Selling Calls – Bearish Options Trading Strategy

When an investor is feeling bearish on the market, another good stock option trading strategy to employ is Selling Calls or Selling Bear Calls. This method is also known by the name Vertical Bear Calls. This is considered a bearish strategy because the trader profits if the underlying stock decreases in value. Basically, the strategy is to buy out-of-the-money call options and sell in-the-money call options on the same stock with the same expiration date. The plan is that the in-the-money stock closes lower than its strike price at its expiration date, and then the trader realizes maximum profits from selling calls.

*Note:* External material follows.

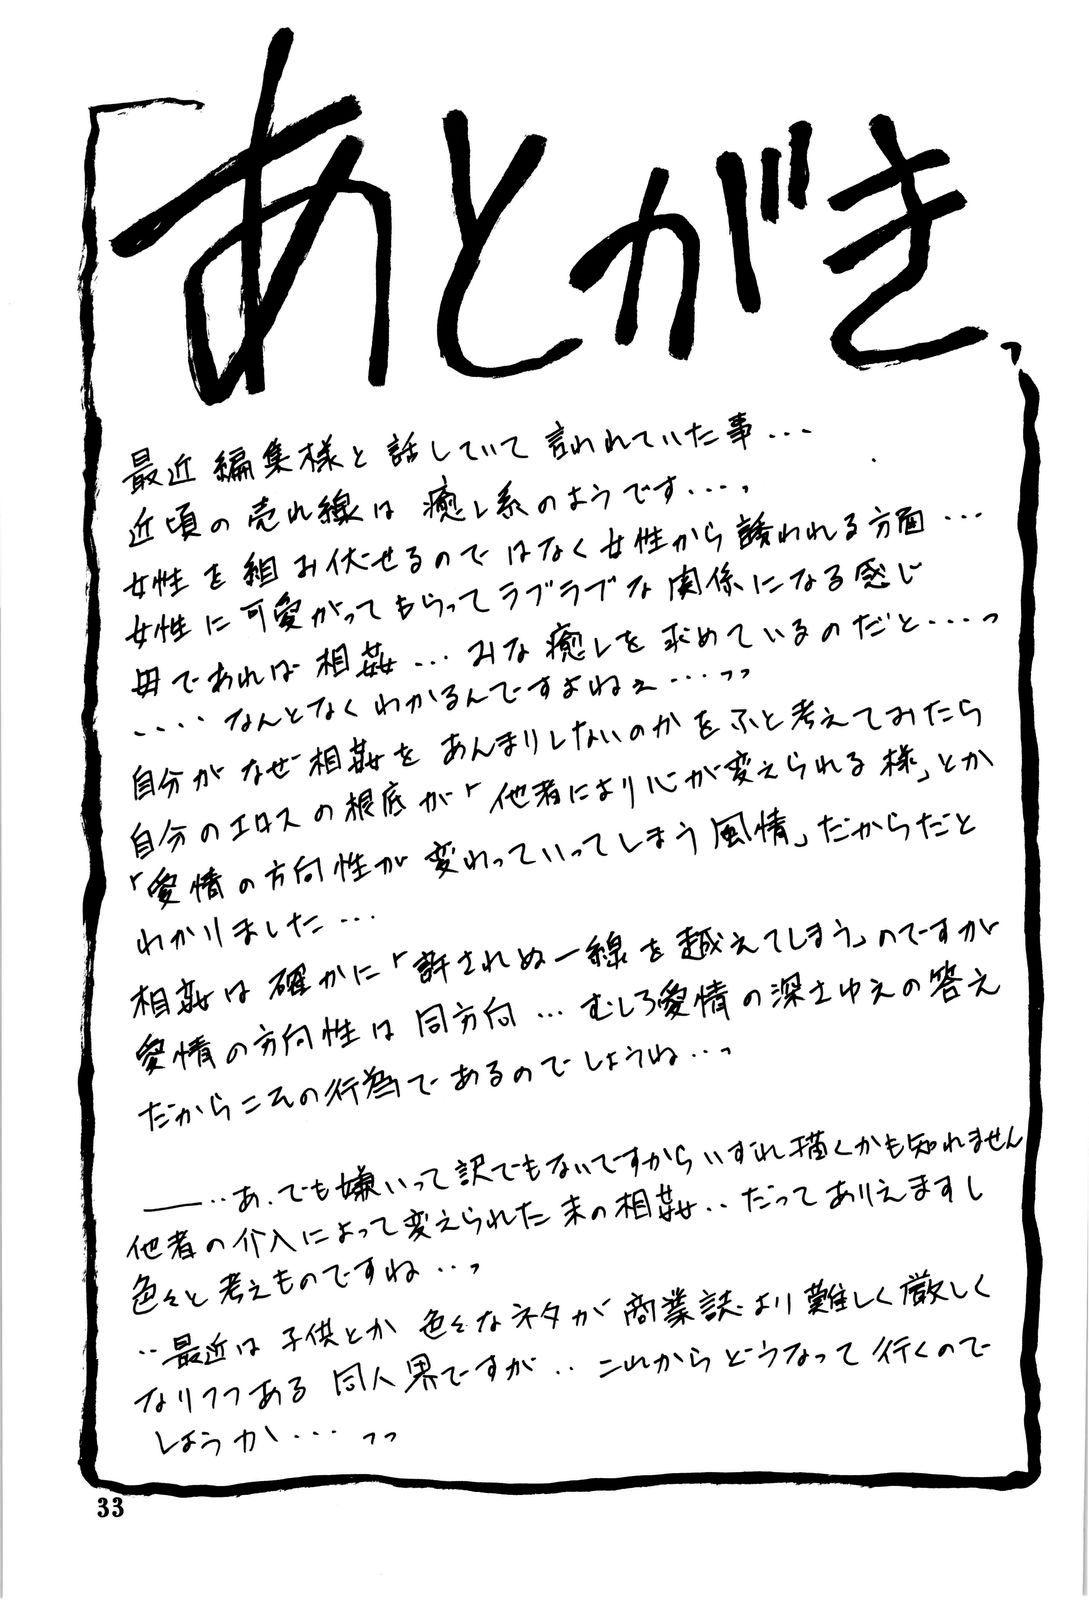 Yama Hime No Hana 1 Manga Page 33 Read Manga Yama Hime No Hana 1 Online For Free 1964

When selling calls, the investor will experience maximum loss when the stock price increases above the higher, out-of-the-money call option strike price at the expiration date. This loss will be the difference between the two strike prices minus the net credit of the spread when it was originated. While there is risk involved, this stock investing concept allows investors to find profits even when the market is bearish by selling calls.

The downside of selling calls is that, while it is lower risk than simply buying put options, it has a limited profit potential as well. The break-even is at the lower strike price plus net credit. The maximum profit potential is when the stock decreases below the in-the-money call option strike price. In such cases, the investor will review his / her stock trading plan to see if the data and potential risks of the strategy are likely to create successful trading when selling a call.

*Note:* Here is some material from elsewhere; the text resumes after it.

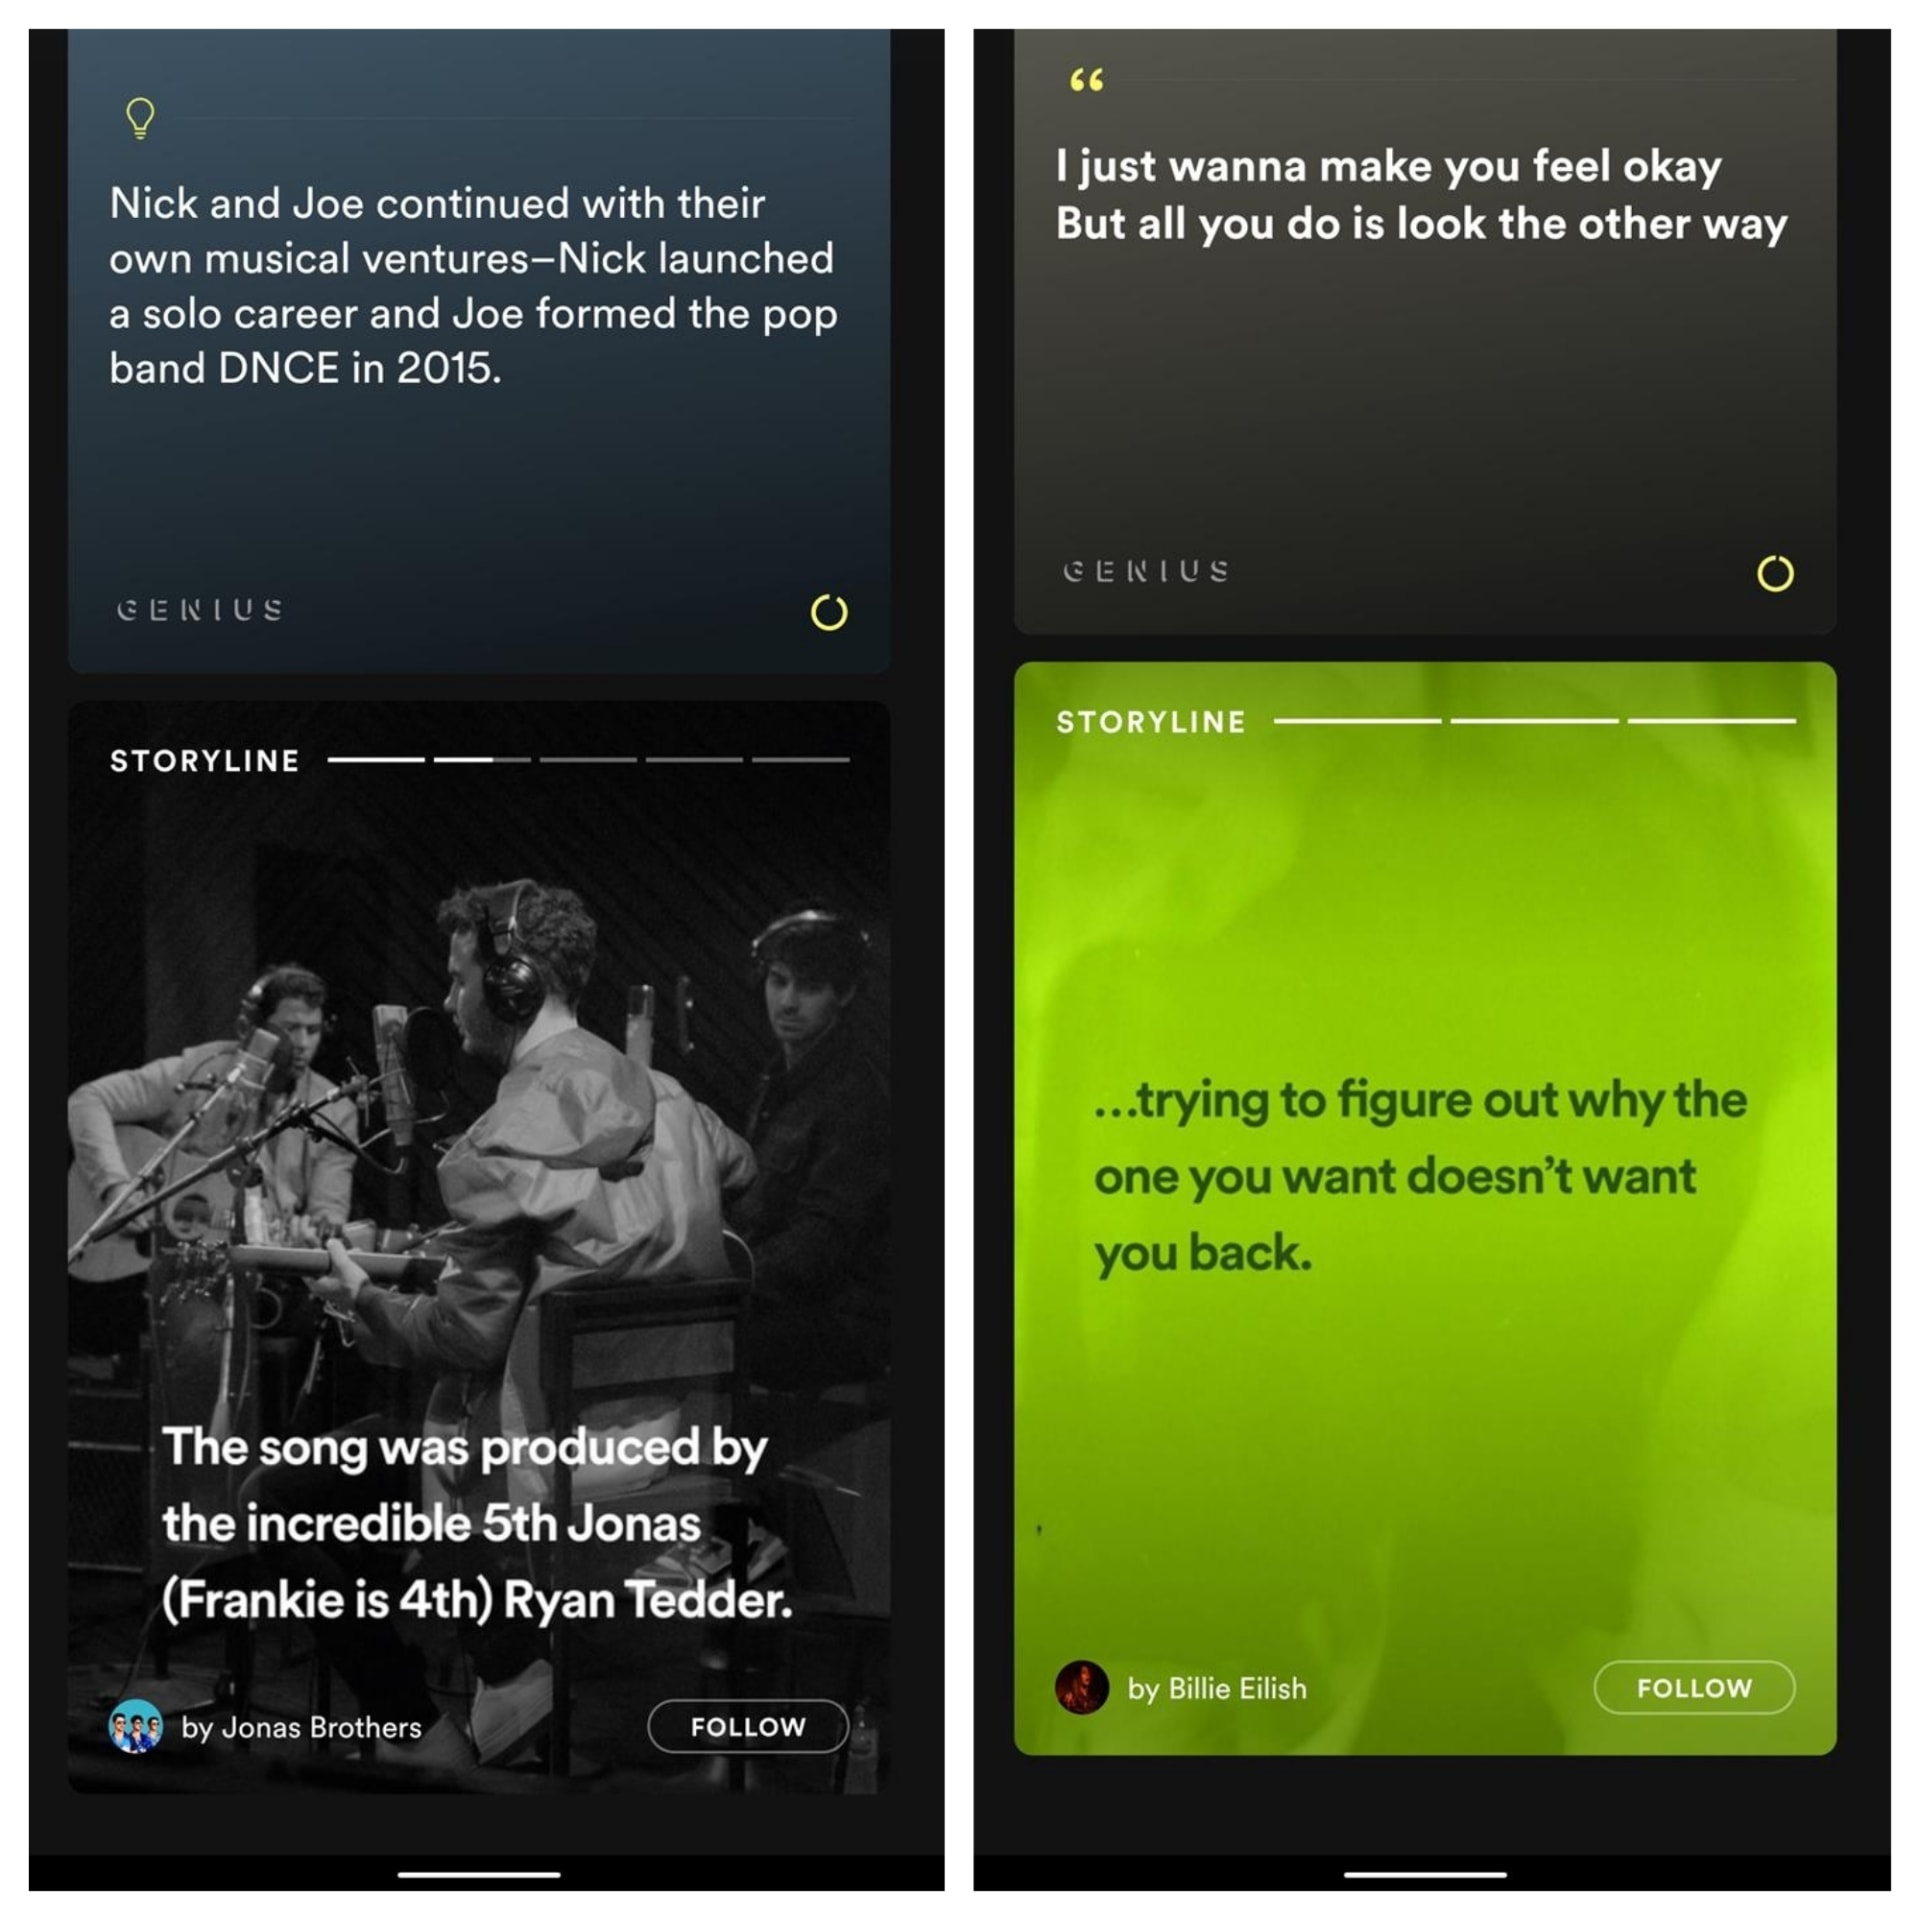 Náhled funkce Storyline ve Spotify

For example, an investor wants to sell calls on ABC, Corp. The stock price is $39.875. The trader sells an in-the-money call option with a June expiration at a strike price of $35 for $5. At the same time, the investor buys a out-of-the-money call option with a June expiration at a strike price of $40 for $1.56. Selling a call such as this is a net credit of $3.44, spread of $5, or the difference between the costs of the two options. If the stock price is lower the in-the-money strike price on the expiration date, this would be a maximum profit of the net credit when selling the calls: $5.00 – $1.56= $3.44 x 1 contract (100 shares) for a maximum profit of $344. Conversely, the maximum loss would be if the stock closed above the out-of-the-money strike price on its expiration date: $5.00 Call Spread – $3.44 net credit received = $1.56 x 1 contract for a maximum loss of $156.00. Because the risk is low, the risk reward ratios when selling calls are still very good.

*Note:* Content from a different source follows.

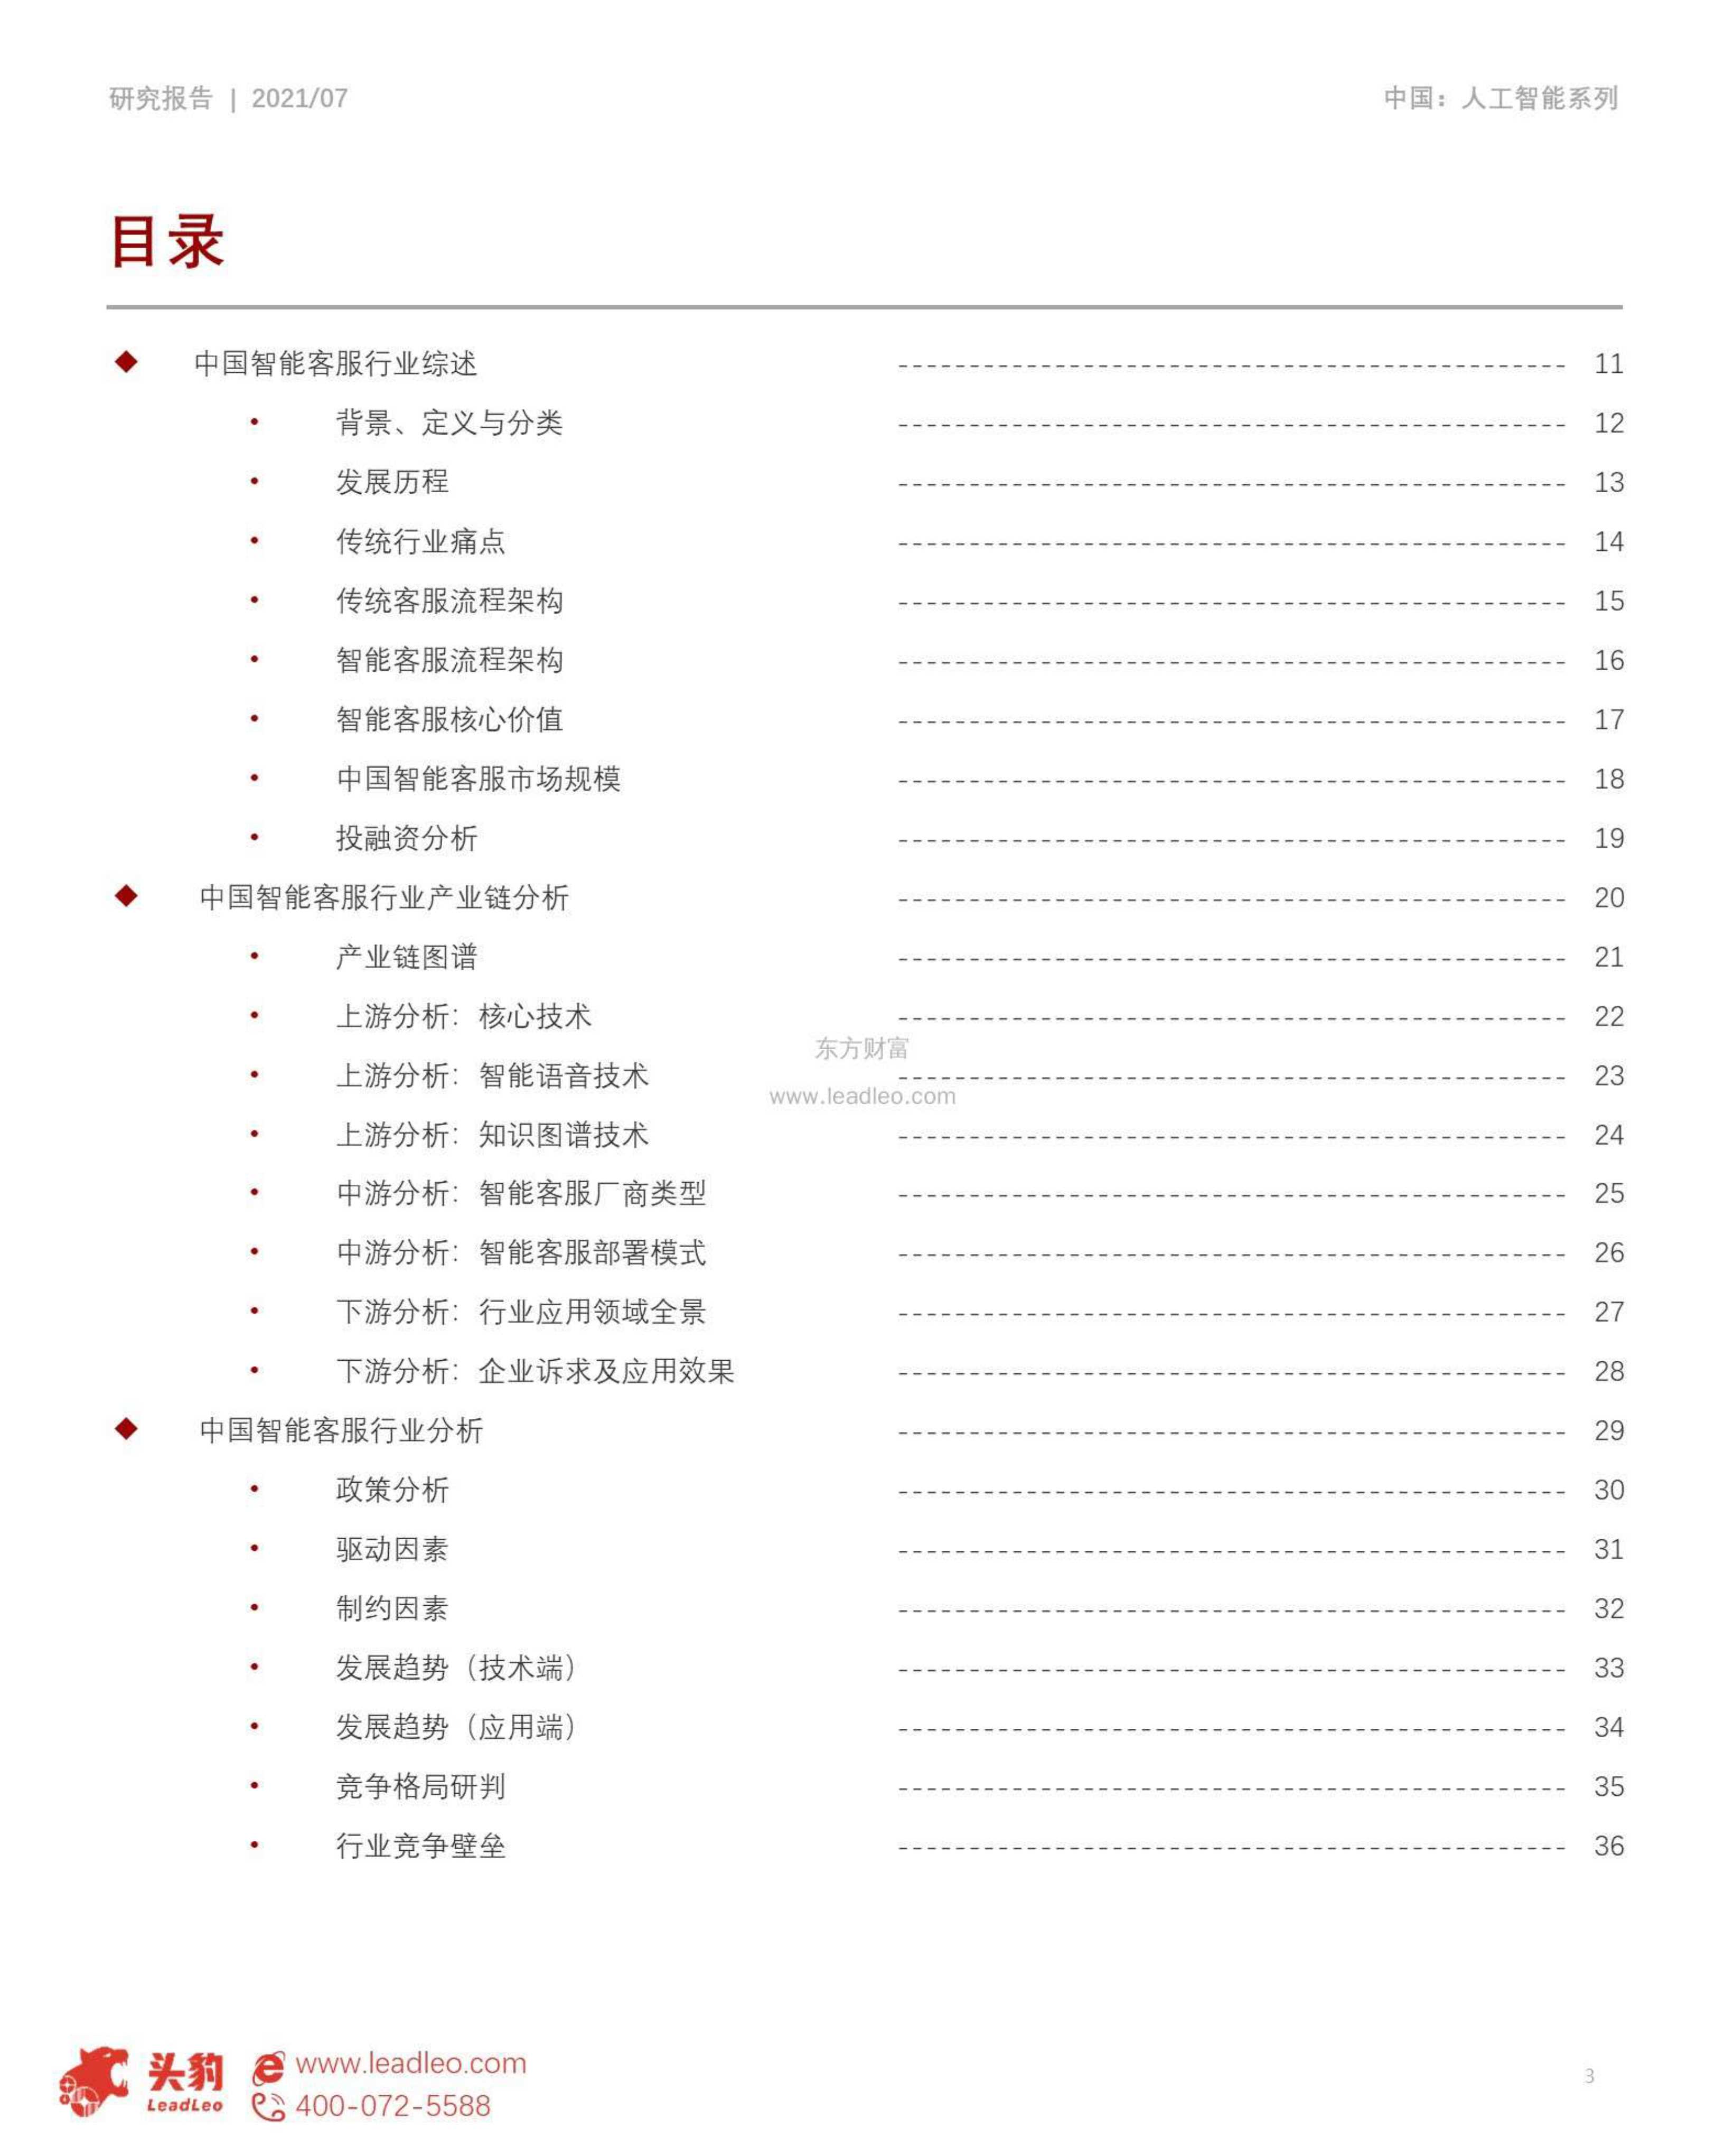 头豹研究院-2021年中国智能客服行业洞察-2021.11-55页

A successful trader will adequately investigate such a move prior to selling calls. That way, he / she can be assured that the trade has a high probability of being successful. As with any trade, the investor needs to understand the risks and potential profits involved in order to make a wise decision. Using a stock trading system such as Japanese Candlesticks, the investor has access to charts that are understandable and powerful data in the attempt to sell calls to make a profit.